WORK TASK – Please quote exactly the lines below from the line containing "Onitsuka Tiger オニツカタイガー" to the line containing "Enseignes de la", both lines included, and nothing else.

EXTRACTED ENTRIES –
/---

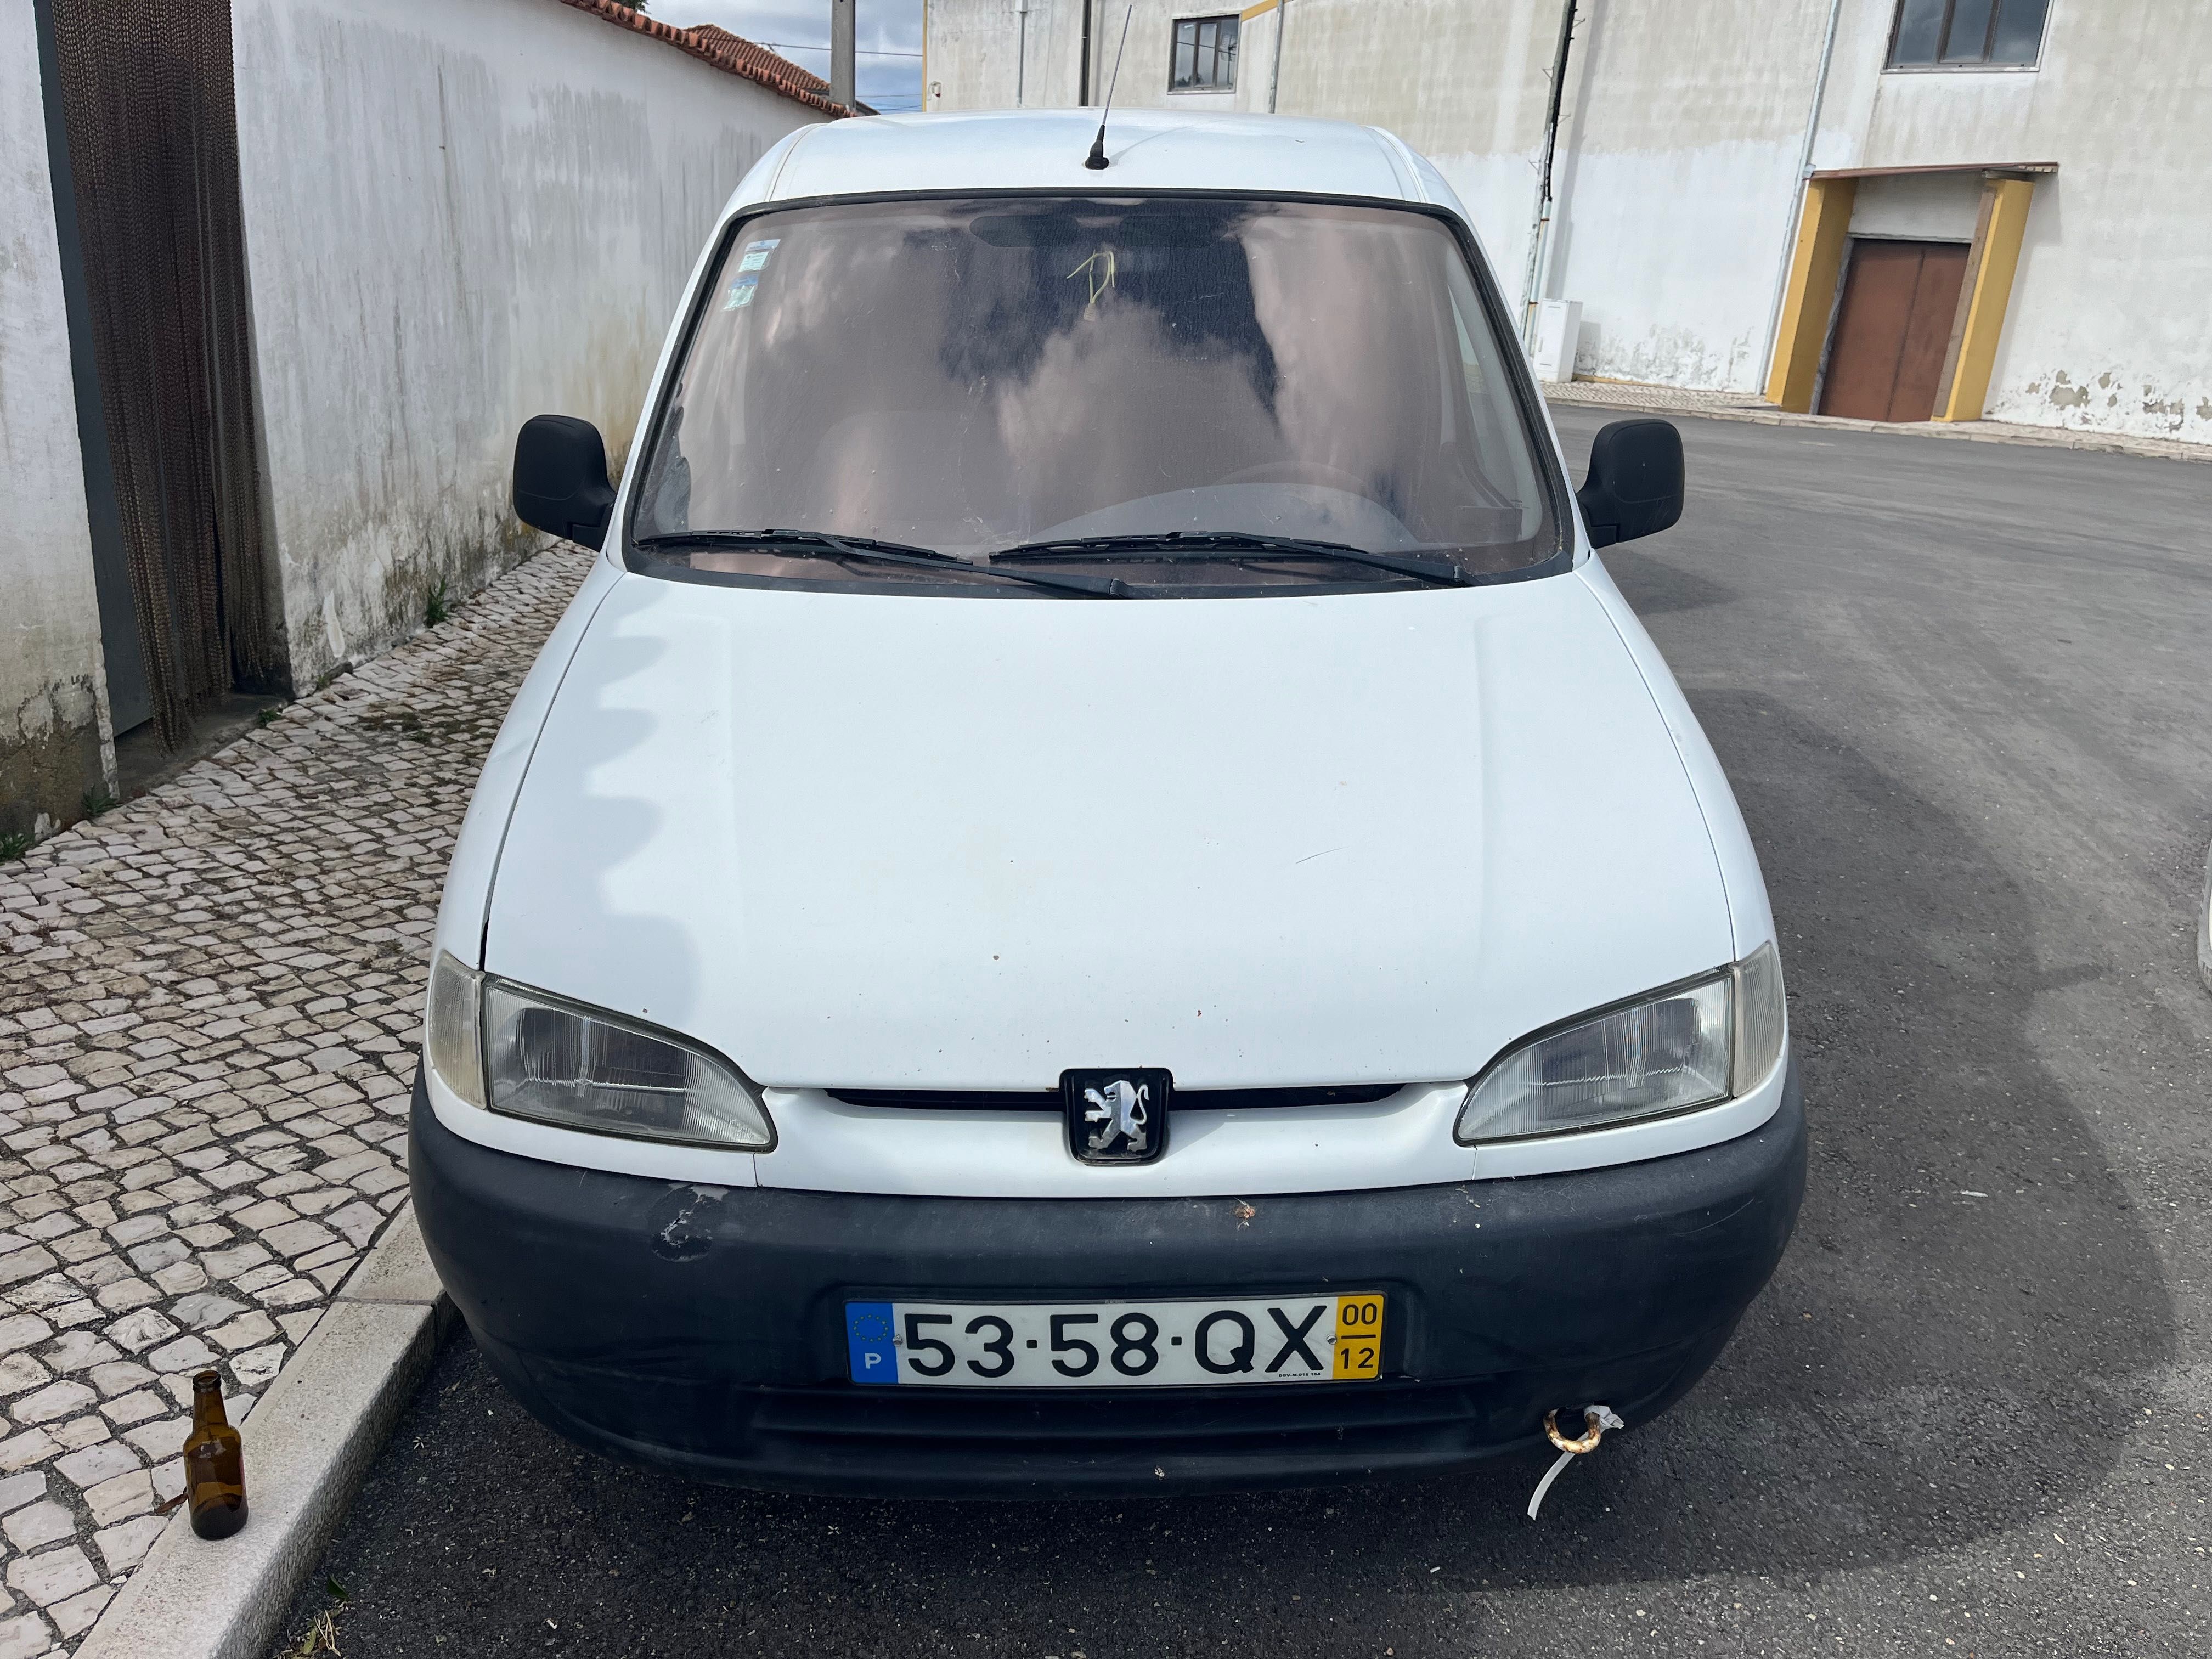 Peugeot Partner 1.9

\---
/---

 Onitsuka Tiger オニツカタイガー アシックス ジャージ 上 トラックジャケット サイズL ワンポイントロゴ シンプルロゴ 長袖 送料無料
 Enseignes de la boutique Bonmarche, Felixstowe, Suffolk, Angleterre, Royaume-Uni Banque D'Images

\---

EXERCISE ANSWER –
 Onitsuka Tiger オニツカタイガー アシックス ジャージ 上 トラックジャケット サイズL ワンポイントロゴ シンプルロゴ 長袖 送料無料
 Enseignes de la boutique Bonmarche, Felixstowe, Suffolk, Angleterre, Royaume-Uni Banque D'Images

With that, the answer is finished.